Have you ever wondered how does your latest Smartphone scans your face to unlock the screen? Well , the tech behind this facial recognition in our smartphones, as well as other similar technological innovations like autonomous modes in self-driven cars, diagnostic imaging in healthcare etc which have made their mark in recent years has one thing in common; Image recognition technology. Computer vision of which image recognition is a part uses computers to make accurate decisions based on what it “sees” while sensing the objects in front it. Deep learning in image recognition has a very vital role to play. In fact much of the modern image recognition based innovations are heavily reliant on deep learning technology.

Facebook can now perform face recognition at 98% accuracy which is comparable to the ability of humans. The image recognition market is estimated to grow from USD 15.95 Billion in 2016 to USD 38.92 Billion by 2021, at a CAGR of 19.5% between 2016 and 2021.

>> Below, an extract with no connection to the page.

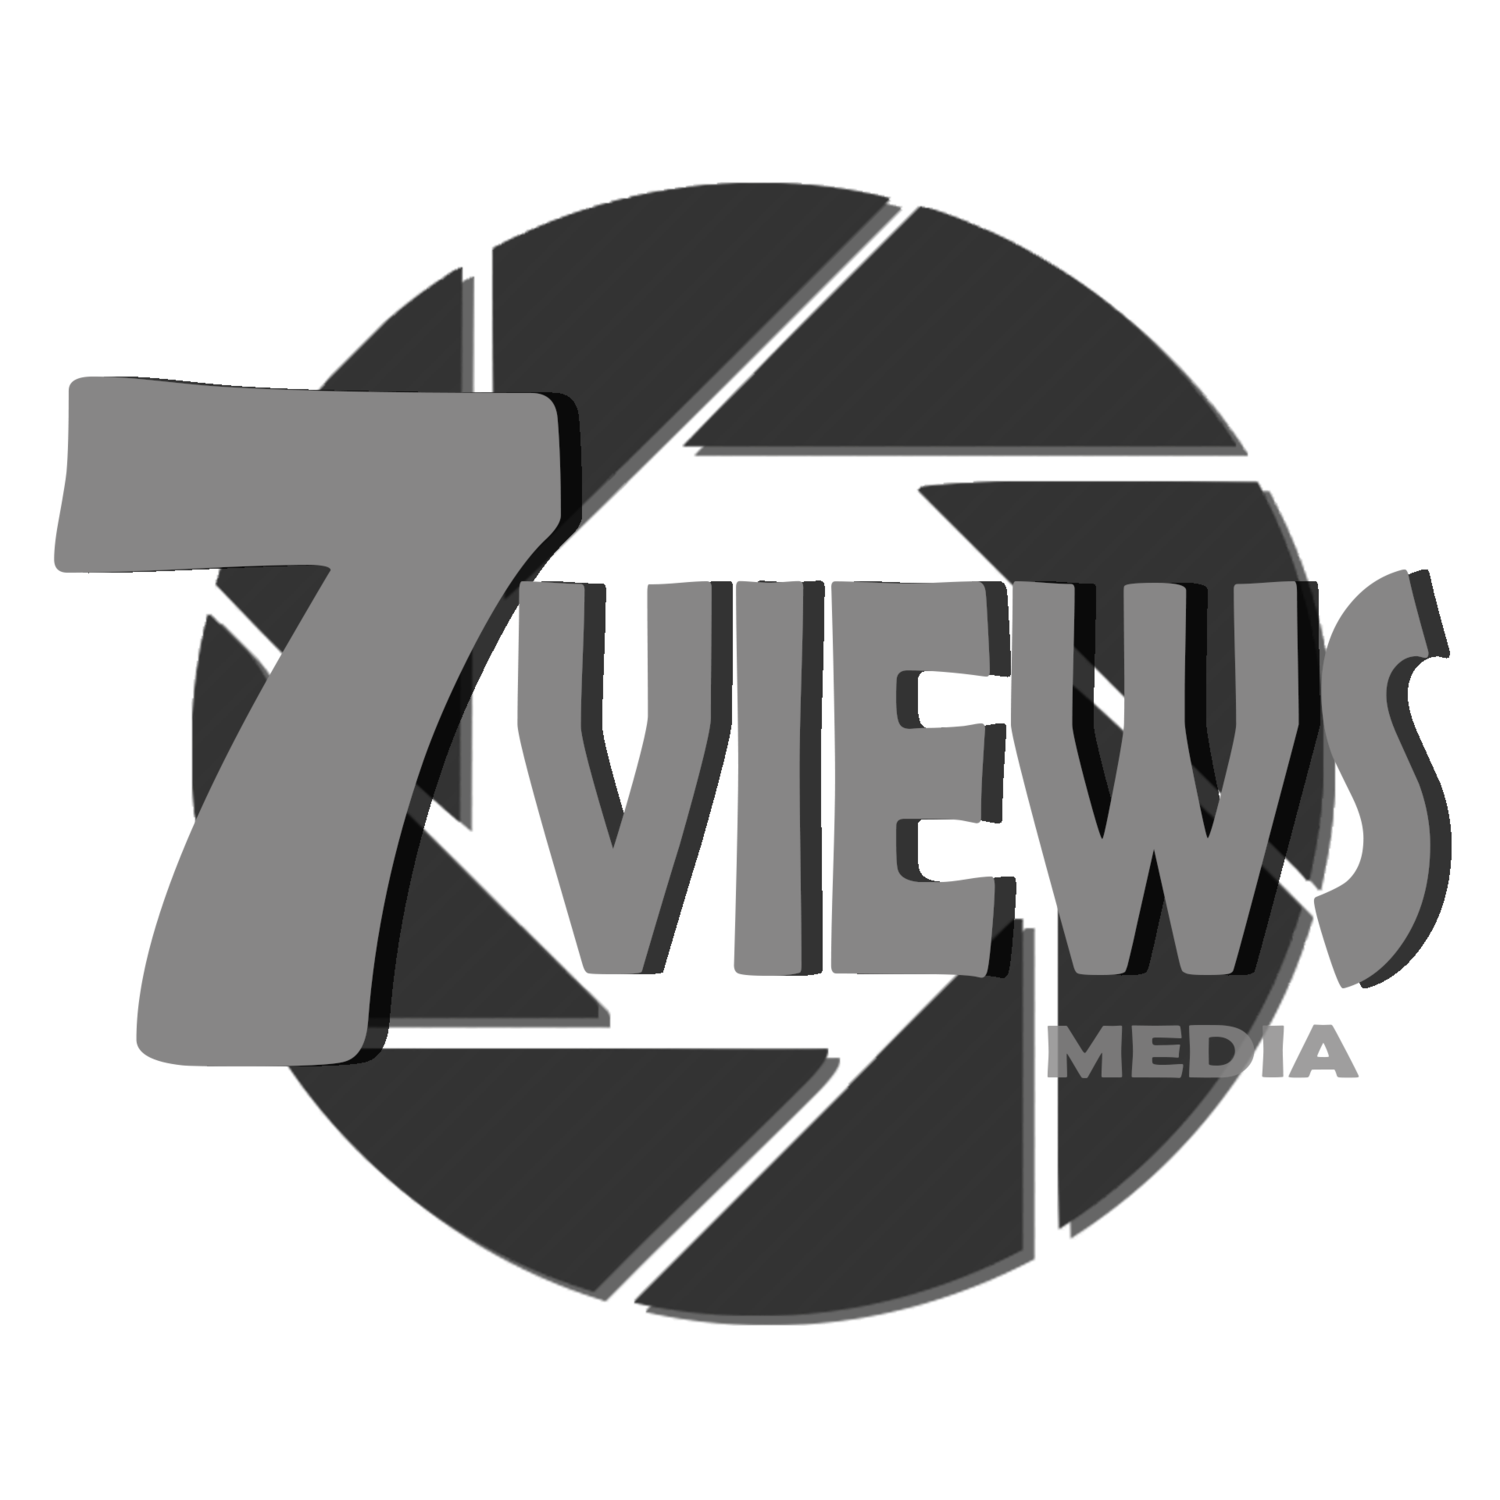 7 Views Media

In image recognition, deep learning works with a class of its neural networks, known as convolutional neural networks. A convolution is the combination of two functions that produce a third function. Therefore a neural network which uses convolution is merging multiple sets of information, in order to pool them together to create an accurate representation of an image. After pooling, the image is describedin lots of data that a neural network can use to make a prediction about what it is. Computers can then apply that prediction to other applications, like unlocking your smart phone or suggesting a friend to tag on Facebook.

It requires a lot of time and training for the neural networks to get their predictions accurate, as it is impossible for them to automatically know how to classify what objects are called in the real world.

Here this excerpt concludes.